Merging structured text using temporal knowledge

https://doi.org/10.1016/S0169-023X(02)00019-8Get rights and content

Abstract

Structured text is a general concept that is implicit in a variety of approaches in handling information. Syntactically, an item of structured text is a number of grammatically simple phrases together with a semantic label for each phrase. Items of structured text may be nested within larger items of structured text. Much information is potentially available as structured text including tagged text in XML, text in relational and object-oriented databases, and the output from information extraction systems in the form of instantiated templates. In a previous paper, we presented a framework for merging items of potentially inconsistent structured text [A. Hunter, Data & Knowledge Engineering 34 (2000) 305]. In this paper, we extend that framework by considering the need to use temporal knowledge. The primary aim of this paper is to specify the language and types of axioms required in this temporal knowledge.

Introduction

Syntactically, an item of structured text is a data structure containing a number of grammatically simple phrases together with a semantic label for each phrase. The set of semantic labels in a structured text is meant to parameterize a stereotypical situation, and so a particular item of structured text is an instance of that stereotypical situation. Using appropriate semantic labels, we can regard a structured text as an abstraction of an item of text.

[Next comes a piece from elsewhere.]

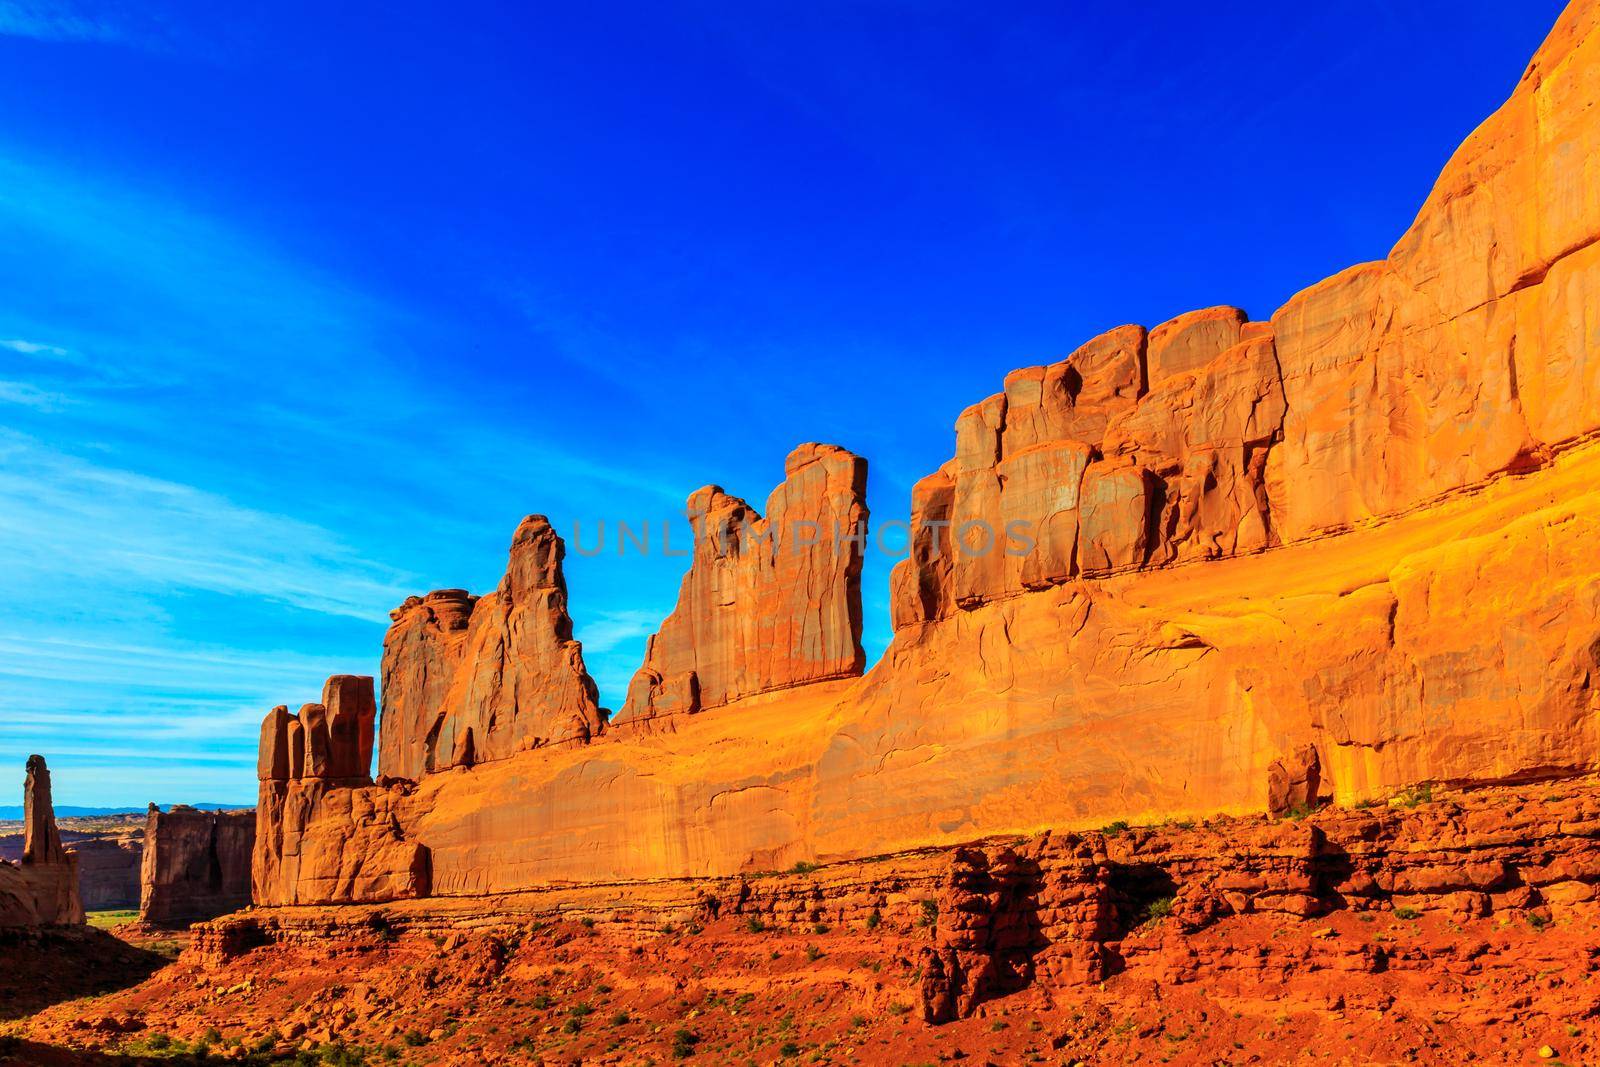 The famous Park Avenue formation in Arches National Park, Utah.

For example, news reports on corporate acquisitions can be represented as items of structured text using semantic labels including buyer, seller, acquisition, value, and date. Each semantic label provides semantic information, and so an item of structured text is intended to have some semantic coherence. Each phrase in structured text is very simple – such as a proper noun, a date, or a number with unit of measure, or a word or phrase from a prescribed lexicon. For an application, the prescribed lexicon delineates the types of states, actions, and attributes, that could be conveyed by the items of structured text. An example of structured text is given in Fig. 1.

Much material is potentially available as structured text. This includes items of text structured using XML tags, and the output from information extraction systems given in templates (see for example [3], [17], [28]). The notion of structured text also overlaps with semi-structured data (for reviews see [1], [11]).

Whilst structured text is useful as a resource, there is a need to develop techniques to handle, analyse, and reason with it. In particular, we are interested in merging potentially inconsistent sets of news reports [37], [43], and deriving inferences from potentially inconsistent sets of news reports [7], [38], [39], [41].

In this paper, we want to consider the role of temporal knowledge in facilitating merging of structured news reports. To illustrate some of our needs, consider a set of news reports, in the following situations.

  • The set of reports refer to the same time point of a subject. As an example, consider a report from a newspaper and a report from a radio station on the weather in London today. So the weather in London is the subject, and the time point is today. However, the TV report and radio reports have not necessarily been made at the same time. So for example, the newspaper report could have been published three days ago, whereas the radio report could have been broadcast today.

  • The set of reports refer to the same time intervals1 of a subject. As an example, consider a report from a TV station on the weather in London today and a report from a radio station on the weather in London today. So the weather in London is the subject, and the subject time interval is today. As with the example above, the TV report and radio reports have not necessarily been broadcast at the same time.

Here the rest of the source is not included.